University of Houston

University of Kansas

University of Kentucky

University of Mary Washington

University of Miami

University of Michigan

University of Minnesota

University of Nevada at Las Vegas

University of North Georgia

University of Southern California

University of Texas at Austin

University of Texas at Dallas

University of West Georgia

Vanderbilt University

Wake Forest University

Wayne State University

Wichita State University

==Mission and Policies==

The ADA's mission of increasing participation, maintaining a balance between education and competition, and ensuring an equitable and fair activity for all programs, regardless of their size or experience is facilitated by the ADA's rules and is premised on the following assumptions:

1. Debate is a controlled discussion which analyzes the substantive issues raised by a particular policy proposition.

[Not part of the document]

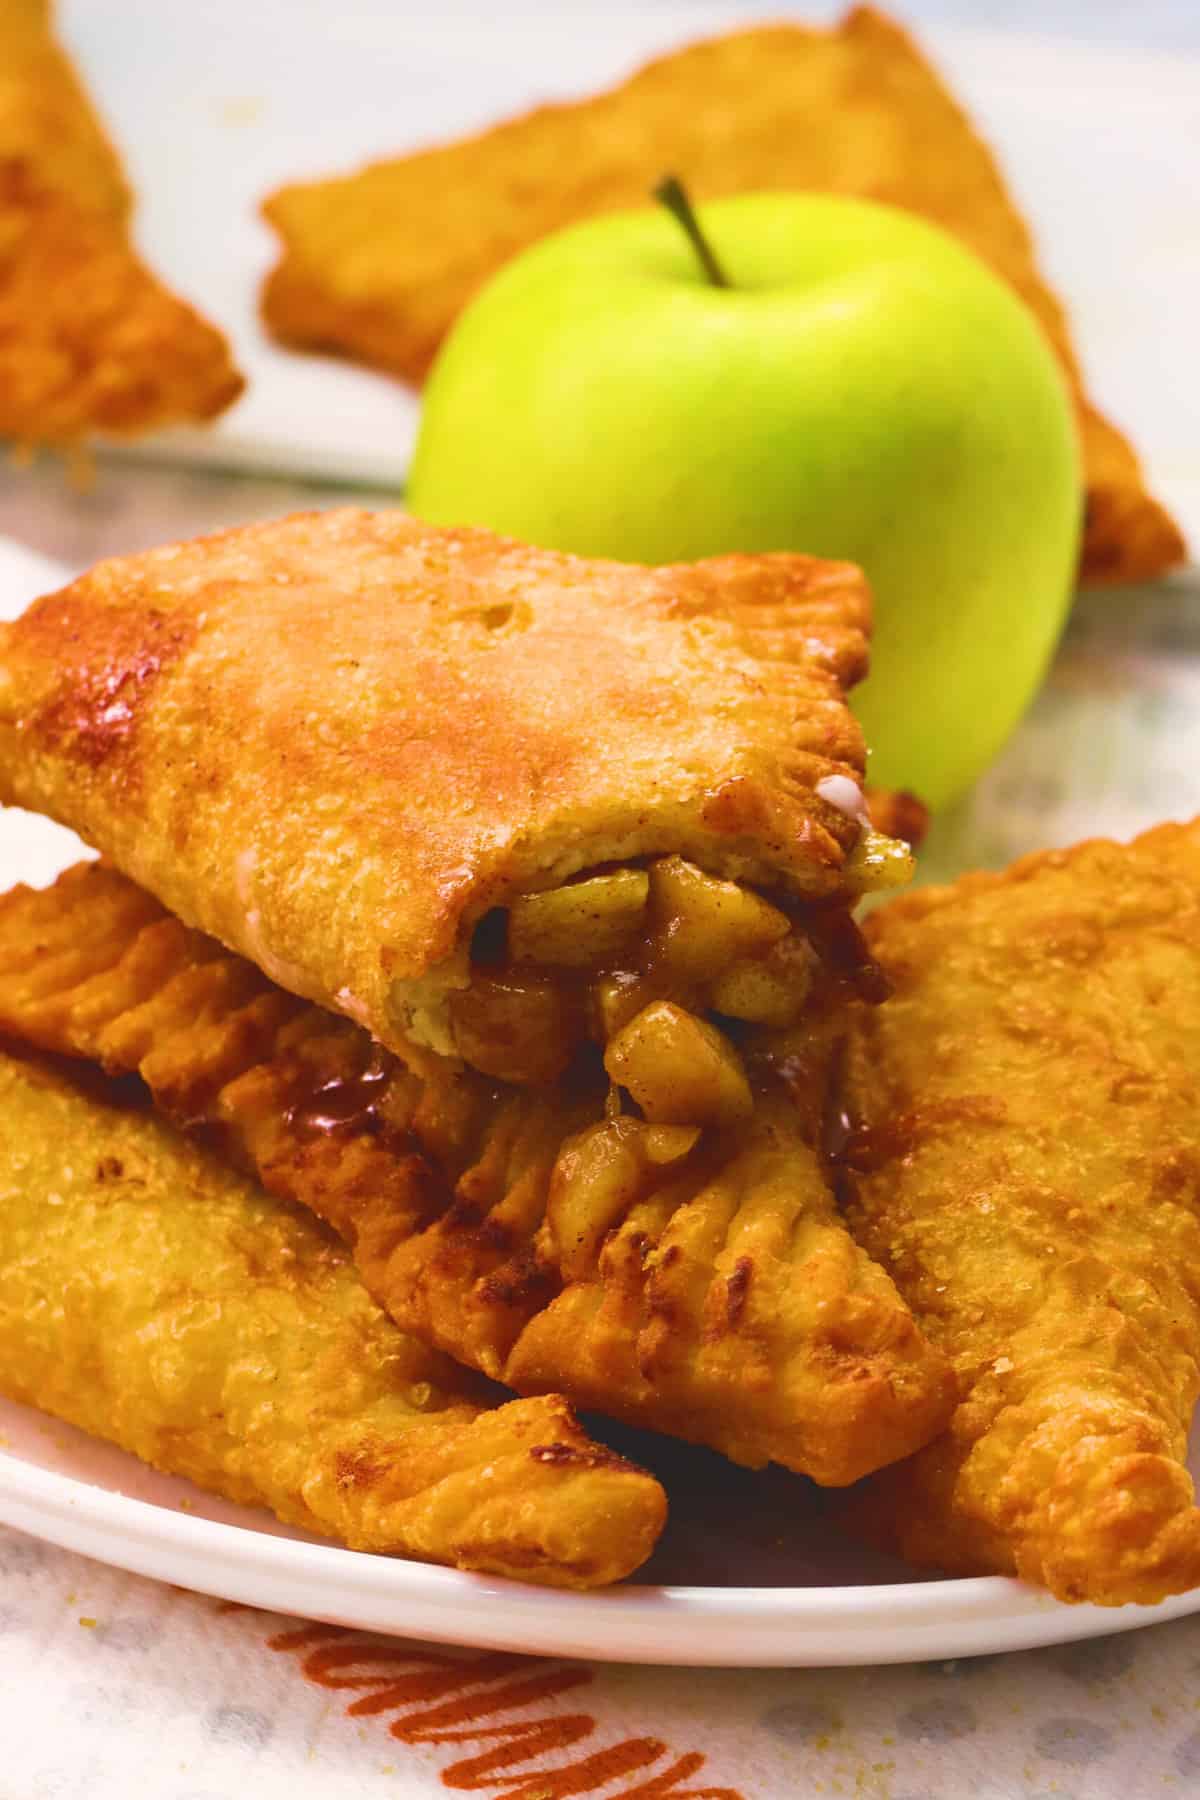 Sinfully delicious fried apple pie

2. Debate is a persuasive, oral communication activity in which debaters assume the obligation to communicate reasons for positions taken in a manner that is coherent, intelligible, and consistent with the limitations on human speech and listening.

3. Debate tournaments will be run efficiently, honestly, and in a manner which promotes the educational values of debating for all participants.

4. Coaches and judges are educators whose job it is to effectively prepare students to debate, to objectively and fairy evaluate rounds of competition to which they are assigned, and to behave in an ethical and professional fashion.

5. Debate is an educational activity to be engaged in by undergraduates who are officially enrolled full-time students in good academic standing at the colleges and universities they represent in competition.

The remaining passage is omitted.